◆ **Exercise data**:
----------

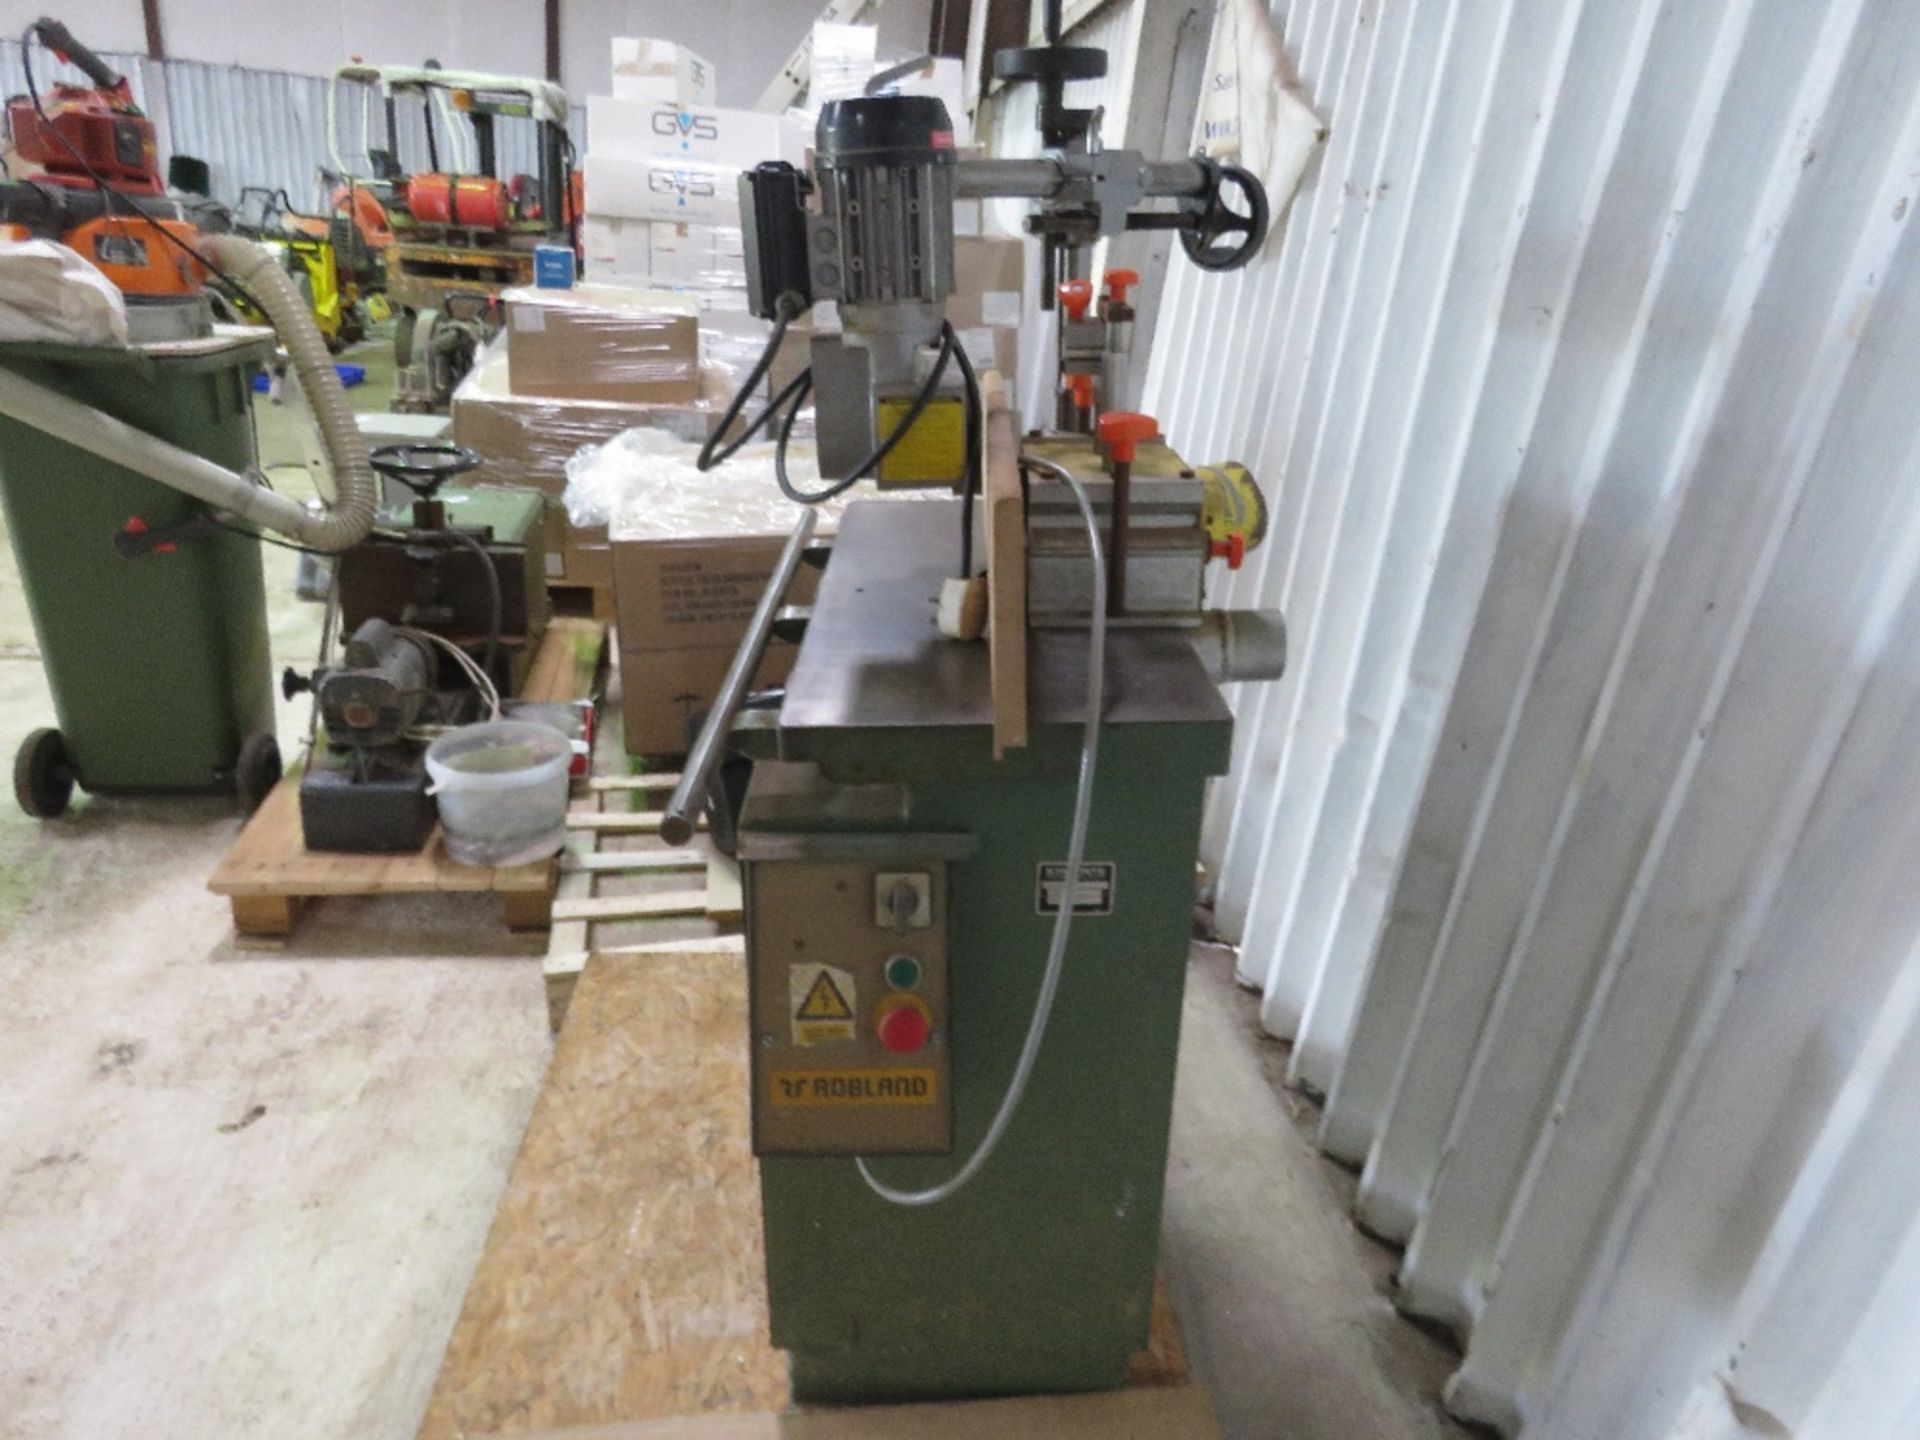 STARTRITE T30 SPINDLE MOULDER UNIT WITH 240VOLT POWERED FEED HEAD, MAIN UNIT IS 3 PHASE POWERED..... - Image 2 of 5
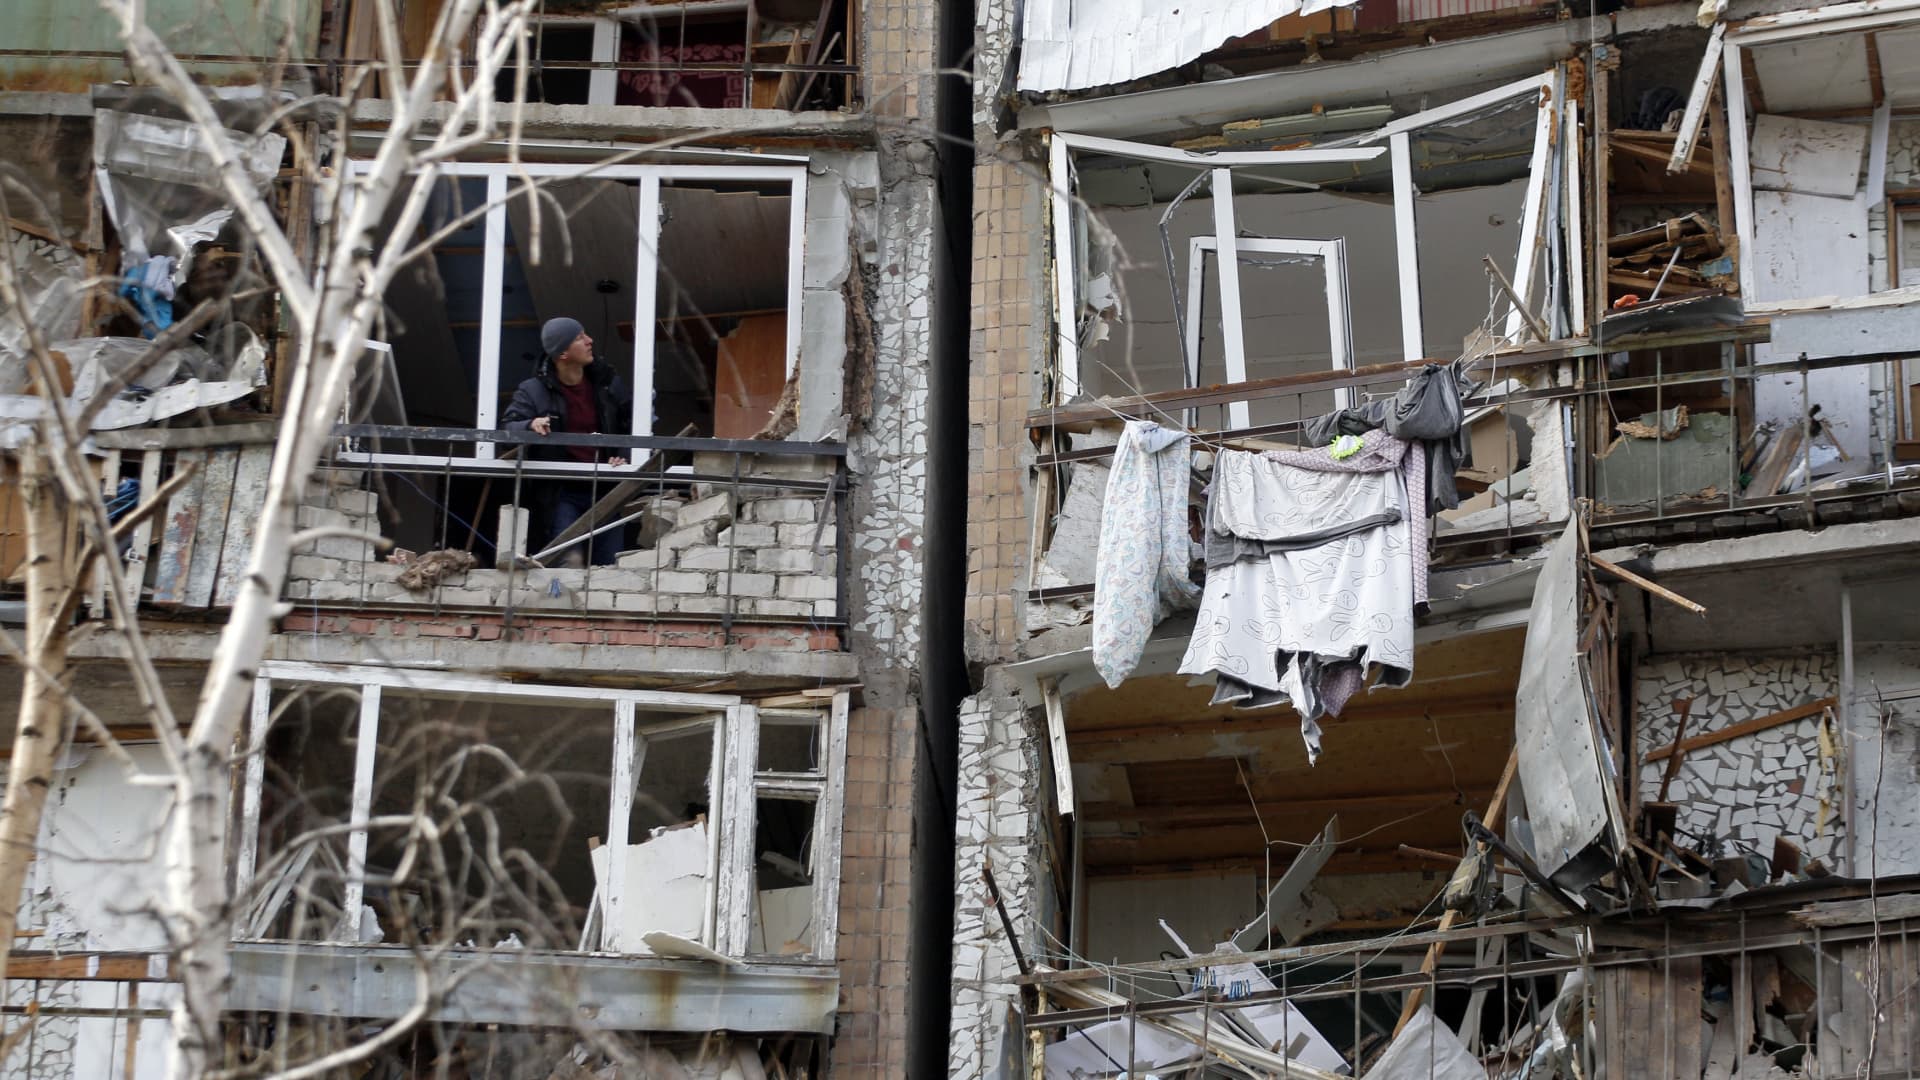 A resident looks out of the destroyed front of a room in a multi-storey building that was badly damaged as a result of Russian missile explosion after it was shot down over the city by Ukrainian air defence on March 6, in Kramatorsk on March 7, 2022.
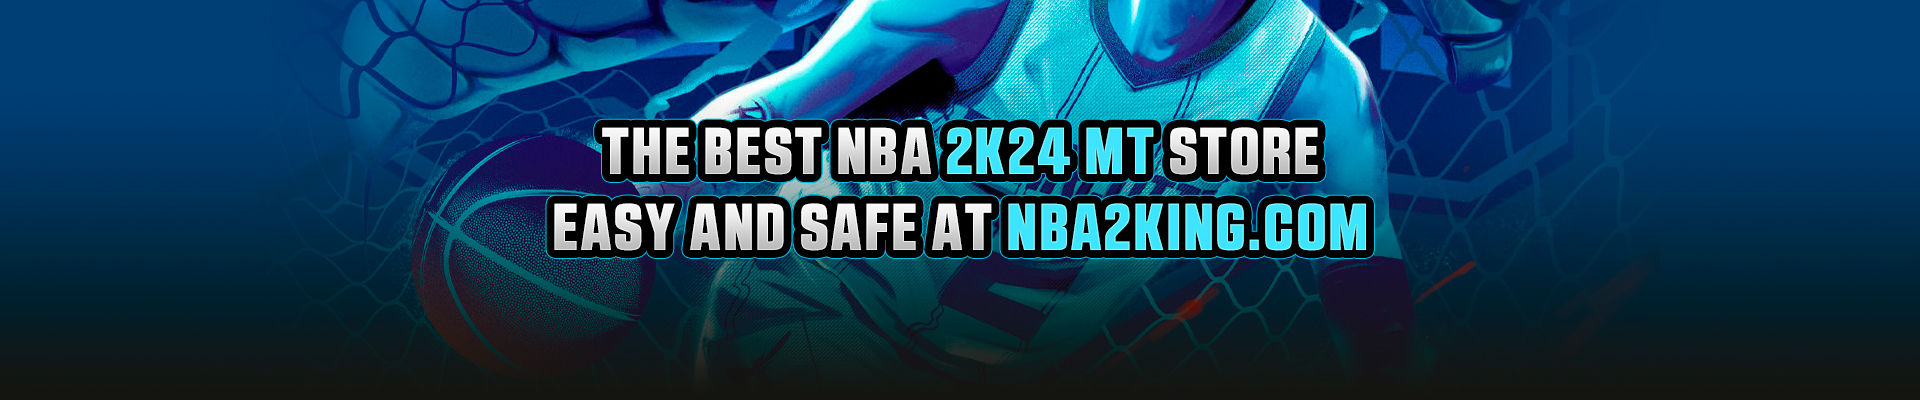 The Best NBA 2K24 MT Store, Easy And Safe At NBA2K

----------

◆ **What needs to be done**: Set down word for word the lines beginning with the one containing "A resident looks" and ending with the last line of the listing, inclusive. Omit every picture.

◆ **Answer for this exercise**:
 A resident looks out of the destroyed front of a room in a multi-storey building that was badly damaged as a result of Russian missile explosion after it was shot down over the city by Ukrainian air defence on March 6, in Kramatorsk on March 7, 2022.
 The Best NBA 2K24 MT Store, Easy And Safe At NBA2K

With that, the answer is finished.